I had an interesting revelation today and one that I am pretty sure isn’t going to excite you very much. If anything, it is more likely to incite you.
When I wrote my “When I see you, I see me” post, I shared that it was through seeing others that I was able to see myself. I saw the good, the bad, the ugly in both of us. I saw the vulnerable, the needy, the strengths and the limitations for us both.
When I become angry about something someone else does, eventually, I come back around to seeing myself in something they have done. At that point, and at that point only, I have compassion, love and understanding for them instead of anger.
At that point, I also feel compelled to look at that aspect of myself to see how I can be more aware of it to avoid behaving or thinking of behaving in similar ways as those that spurred my anger to begin with.

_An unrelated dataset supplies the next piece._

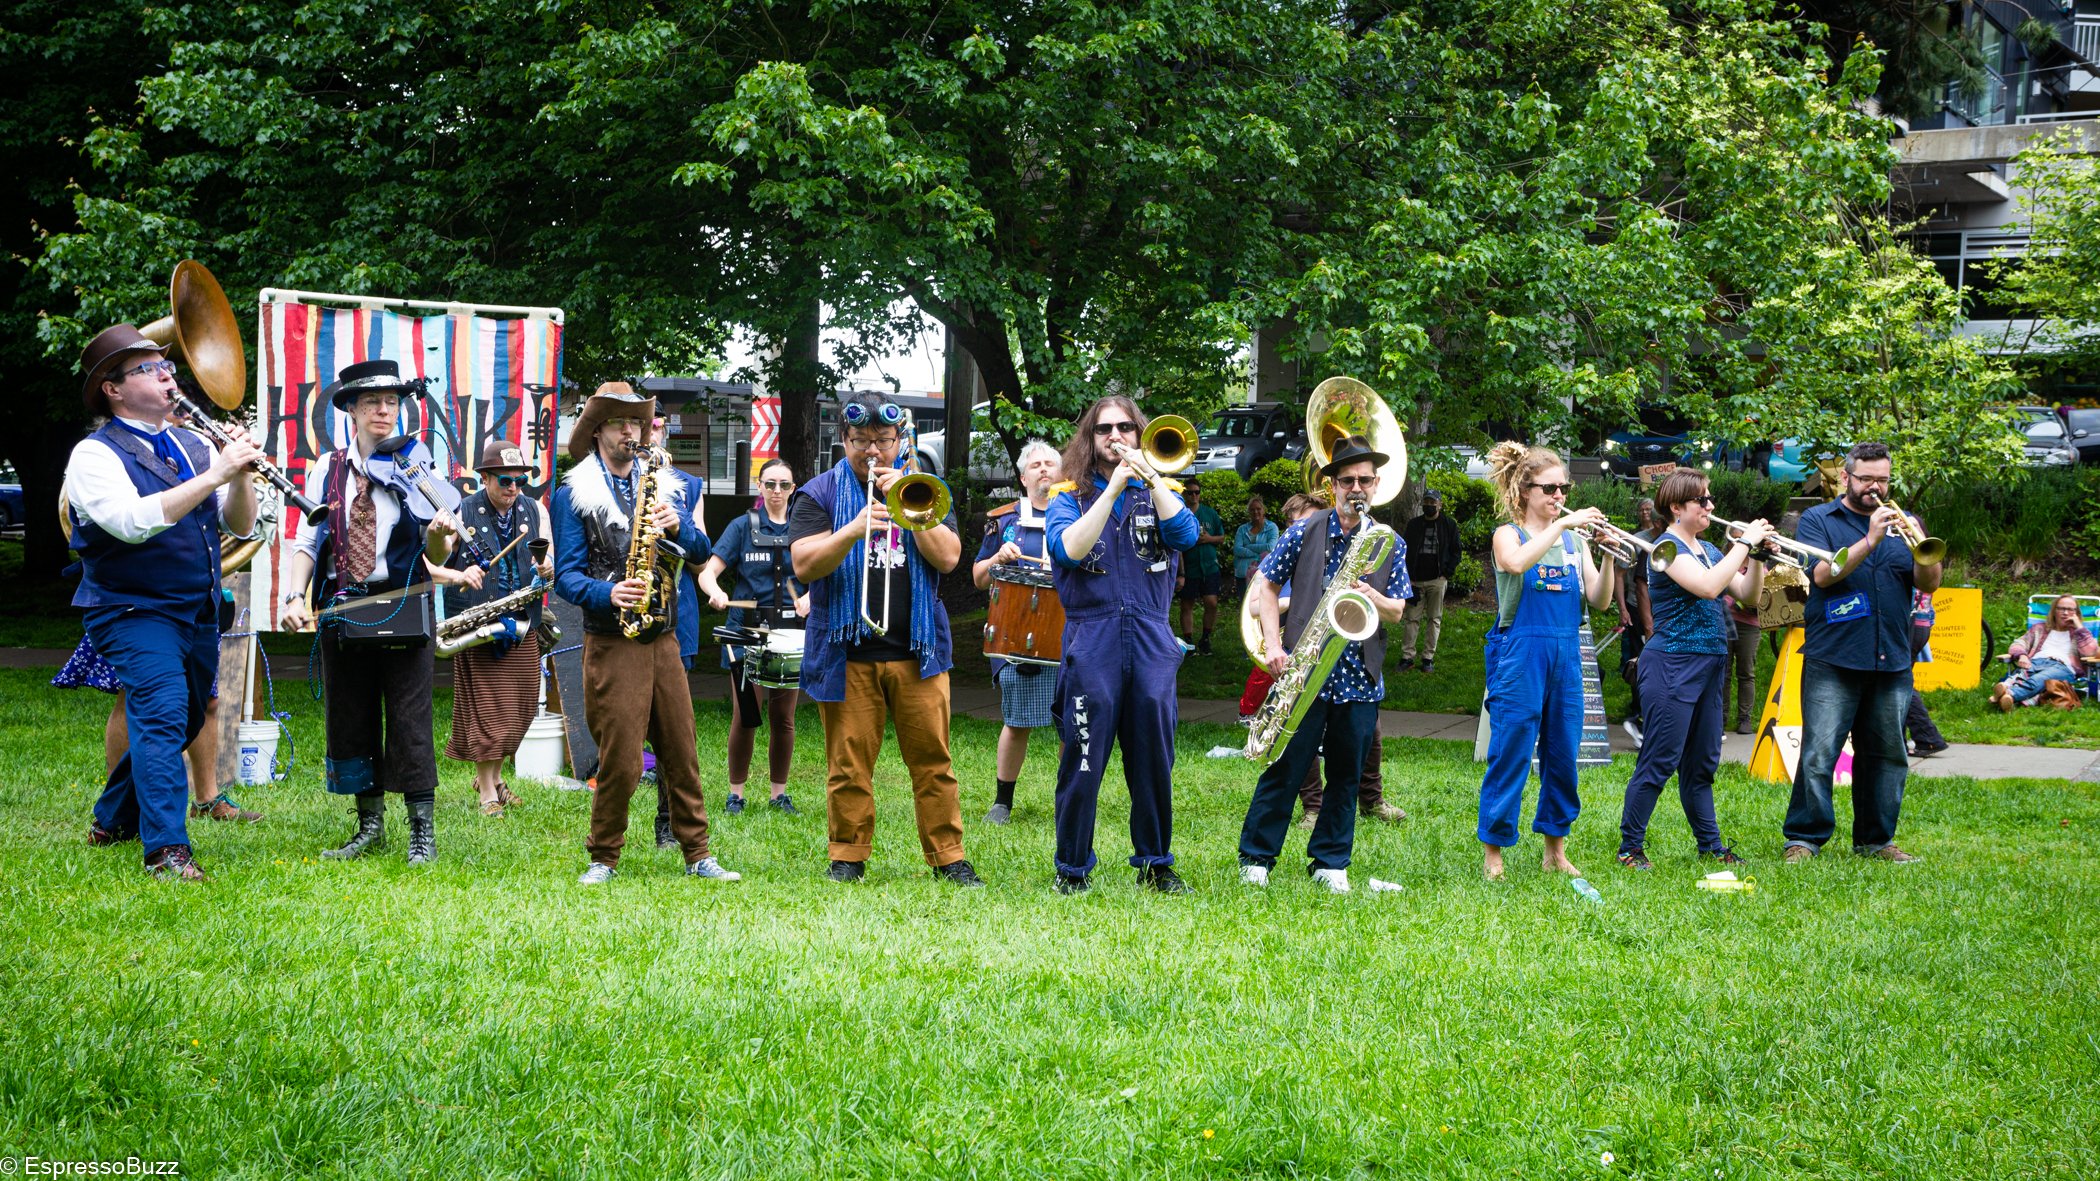 Emperor Norton's Stationary Marching Band

I have a dark or shadow side. We all do. We don’t always act on it. We aren’t always even aware of it, nor do we always acknowledge that it exists. I may write about my ability to shift my perspective, but I am shifting it from the shadows into the light of day.
I choose to do this because I prefer the light of day, quite frankly, over the darkness. I share it with you because I believe you, too, prefer it and strive to stay in the light of day instead of in the shadows.
I think we can all agree on these points. I share the rest, in hopes that it merely incites some reflection and pause.
Would you think I had gone mad if I said that I felt compassion, love and understanding for the shooter in the recent tragedy in Newtown? If I said that I could see my own darkness in his darkness, would you tell me I had lost it?
“When I see you, I see me” applies just as much to him in this situation—at least I think it does to the best of my understanding. Doesn’t it?
My love and compassion for the shooter does not at all take away from the love and compassion I feel for the families and the community of Newtown. In fact, it seems to expand it.
More of my energy is going in their direction because it isn’t competing as much with my outrage over the tragedy. (Notice I said “as much” because I too still haven’t stopped feeling the outrage.)
It doesn’t change my feelings about the broken systems in our country, but it does allow me some clarity about what role I can play in helping to create change within those broken systems.
When I see you, I see me. No matter what you’ve done.